Oh, one other thing: the F-conns can be used in semi-weathered environments. I would not recommend direct water exposure, but they do seal around the cable when compressed so it "should" keep water out of connected equipment. The Canare don't even mention this, so I would assume dry applications only.


----------



## MikeSp (Aug 15, 2006)

Anthony said:


> I have not used the Liberty crimp connections, but I can speak for the F-conn and Canare. The Canare are better connectors all around. The F-conn are simpler to install, but don't maintain the 75 Ohm impedance all the way to the tip, which was the primary design goal of the Canare connectors.
> 
> However, the F-conns are cheaper and you would be hard pressed to hear a difference in short runs. A drawback is that you can't use stranded center conductors with the F-conns (if memory serves). Which is a shame, since I love using the LV-77S for interconnects due to its great flexibility.
> 
> ...


Many thanks, Anthony, for the information which I was seeking. I am actually looking to make three 25-30 ft. subwoofer cables and while the LV-77S is on my short list of cables, I have enough Belden 1694A left over from rewiring my antenna and cable system and it has a solid 18 gauge copper conductor. Thus, I could make my own cables using the F-Conn RCA's and it would take just a few minutes OR order premade cables terminated with Canare RCAs at reasonable prices from BlueJeans (with total price about the same or less than if I purchased the Canare wire PLUS the crimper PLUS the overly expensive Canare die). BUT, if I made my own, I would be concerned about the F-Conn RCAs not maintaining their impedance all the way to the tip as you pointed out.

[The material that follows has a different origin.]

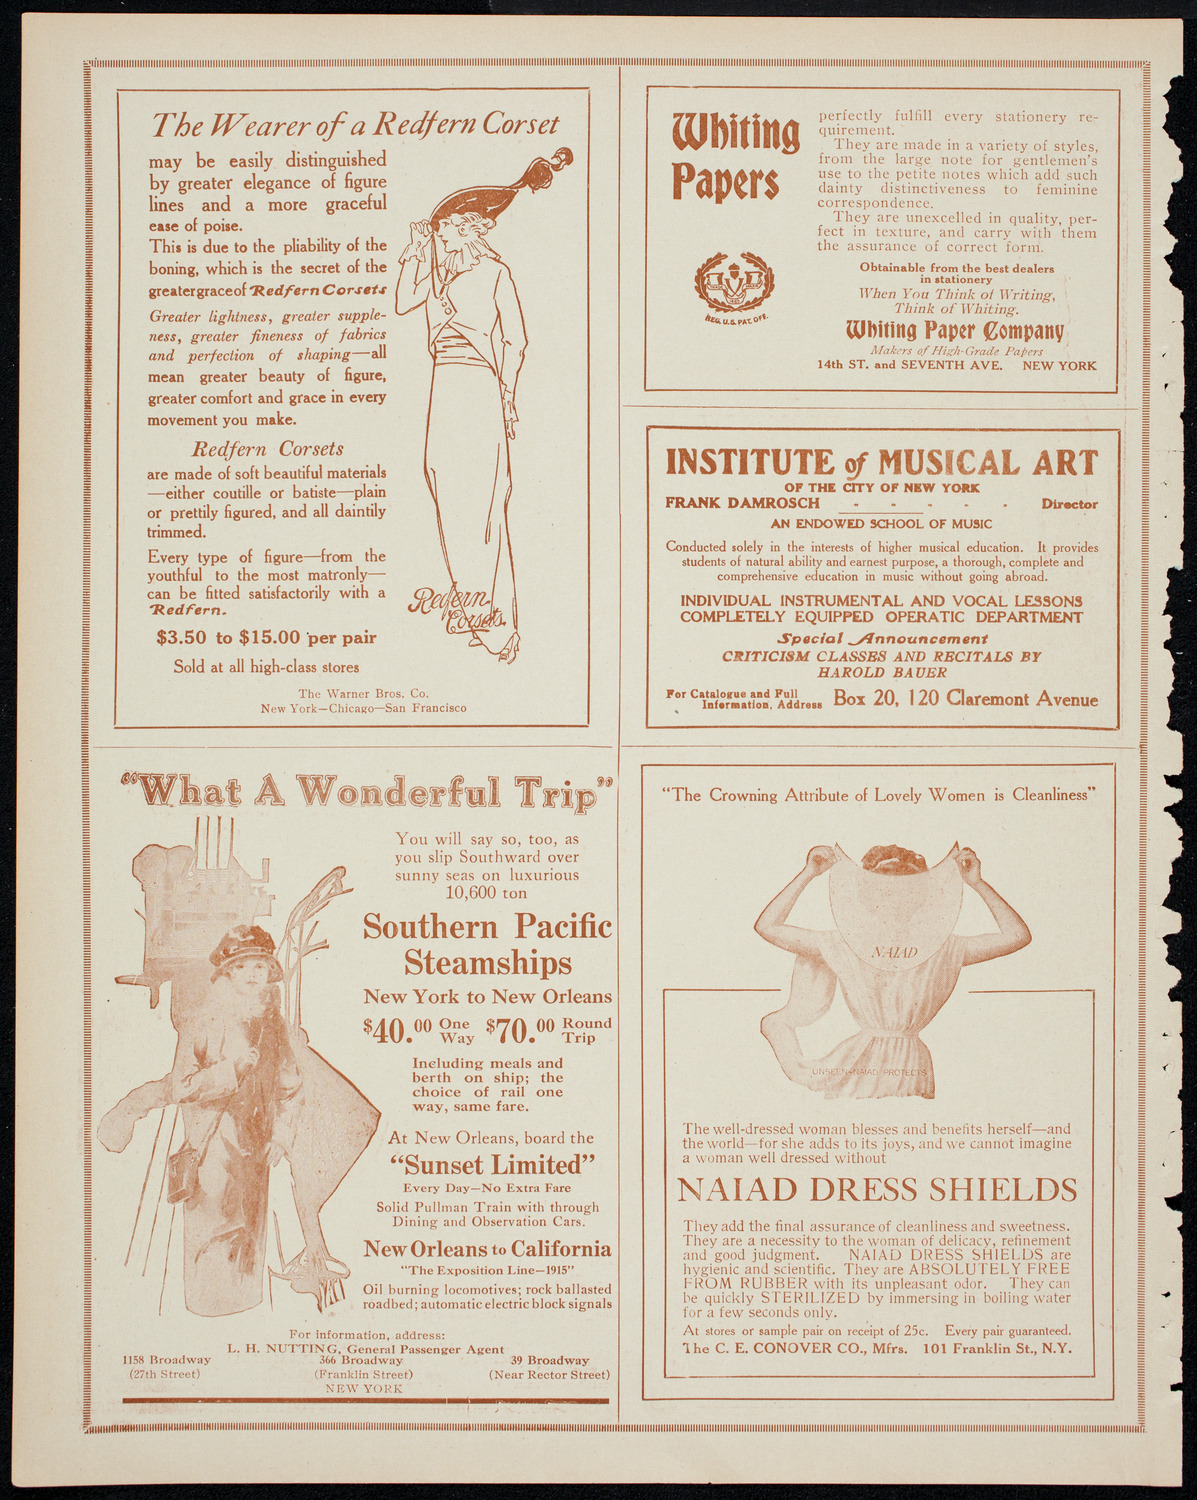 Benefit: New York Red Cross Hospital, February 27, 1914, program page 2

On a separate note, I may give the F-Conn speaker wire compression connectors a try -- they look like they would provide an excellent 360 degree crimp and can use spades or bananas.

Mike


----------



## Anthony (Oct 5, 2006)

Hey Mike, I just finished looking at the Liberty connectors. They seem on par with all of these. Good grip center connector, looks to be easy strip and crimp, and the connectors look beefy and well made.

The inspection window is a novel idea as well to see if the compression ring seated all the way. One thing I like about the Canare is that you can hear and feel a click when the center pin locks into the RCA connector.

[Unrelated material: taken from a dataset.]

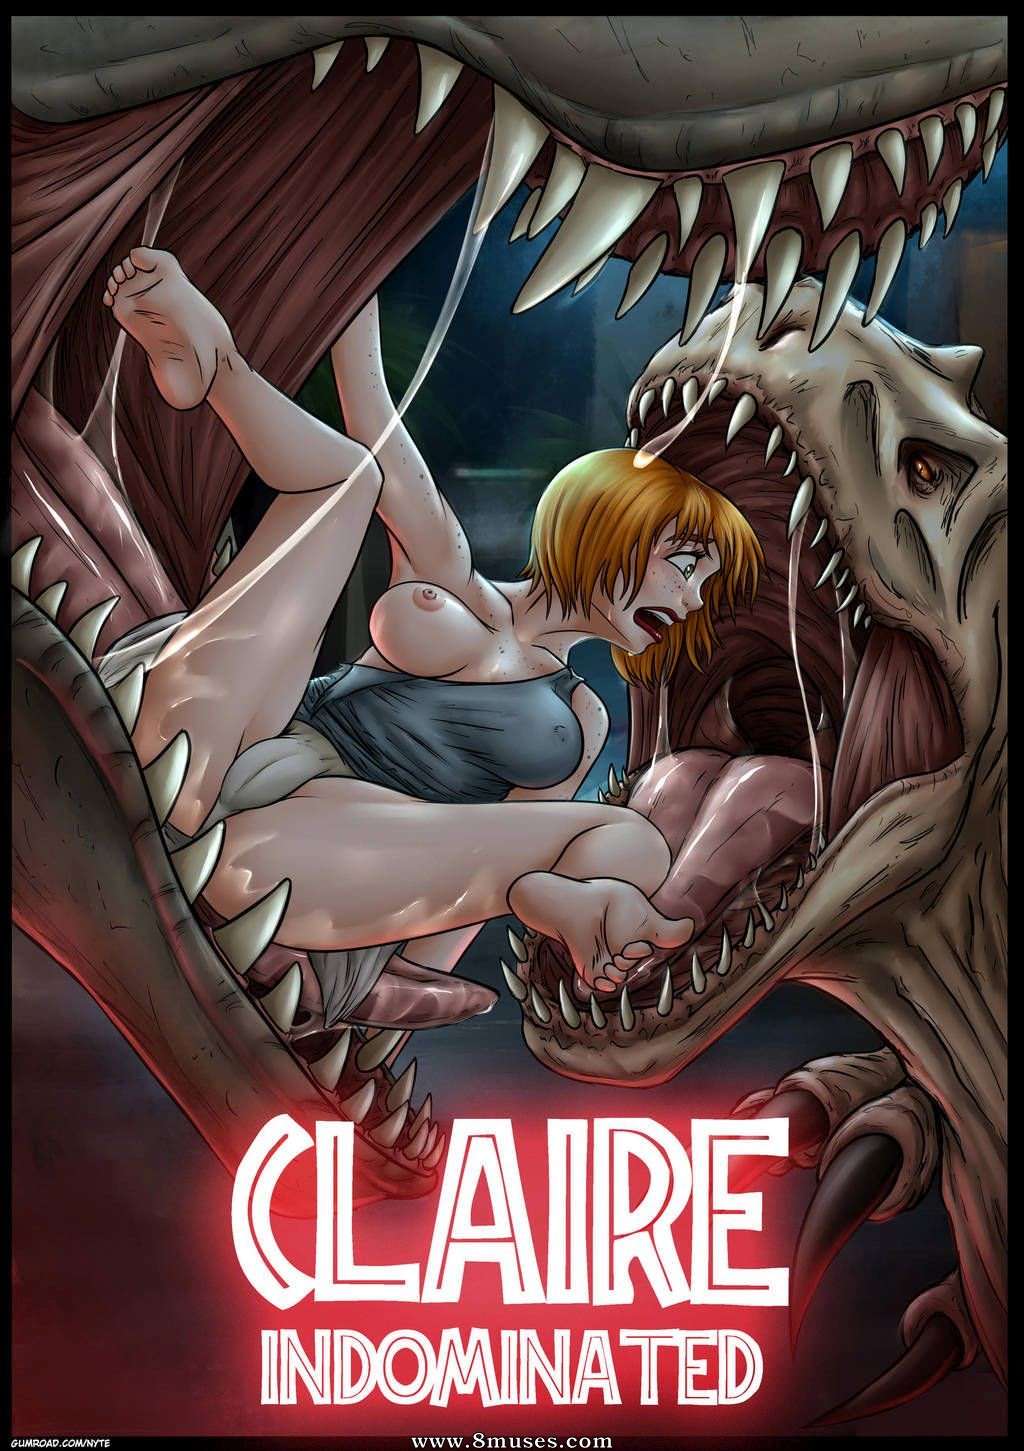 Jurassic world porn comics with clair

I don't think you can go wrong with either. If you want to save yourself the tooling costs, BlueJeansCable is a great company to deal with. I personally have enjoyed making my own cables (for me and customers). It amazes people how great these relatively cheap cables can sound -- especially when they're coming off Audioquest, MIT, or Monster products at much higher prices.

Also, if you do decide to get the tools yourself, check out ebay and other places. I ocasionally see these crimpers used. I know Parts Express has a generic crimp tool that works well with most of the F-conn stuff and is only $30. As for the Canare, I ended up with the real deal and don't regret it. They're crimp, stripper, and dies are VERY well made. Good solid feel and easy to use (and more importantly, easy to tell when you are doing everything correctly).

Good luck!


----------



## MikeSp (Aug 15, 2006)

Anthony said:


> Hey Mike, I just finished looking at the Liberty connectors. They seem on par with all of these. Good grip center connector, looks to be easy strip and crimp, and the connectors look beefy and well made.
> 
> The inspection window is a novel idea as well to see if the compression ring seated all the way. One thing I like about the Canare is that you can hear and feel a click when the center pin locks into the RCA connector.
> 
> ...


Anthony -- I also thought that the Liberty compression RCA connectors looked good and without any proof or anecdotal stories about them comparing them to the excellent Canare crimped RCAs, I am dubious. Since I do not have golden ears, I would not want to do a double blind experiment with a Canare terminated subwoofer cable vs. a Liberty or F-Conn compression terminated cable -- at my age, such experimenting has no appeal like it did a few decades ago:wits-end:

I do have a Paladin Universal crimp tool which will probably handle any compression fitting and sure worked great on the Snap-N-Seal F connectors -- I can see why people like making their own cables -- it takes a whopping two minutes to strip and crimp the compression F connector. I found when using the Snap-N-Seal F connectors that I was more confident of a correct fit if, after stripping and peeling back the braid (and on 1694A, it is 95% braid, so much thicker than the usual 60% on most coax) I would remove the plastic bottom part and push it down onto the cable which finished getting a great fit of the braid against the outer insulator and then watch while the dielectric with its foil shield is inserted into the connector body making sure it goes in easily so the foil is not pushed back and then push/twist on the body of the connector and THEN add the plastic compression piece and use the compression tool to insert it and its waterproof O-ring.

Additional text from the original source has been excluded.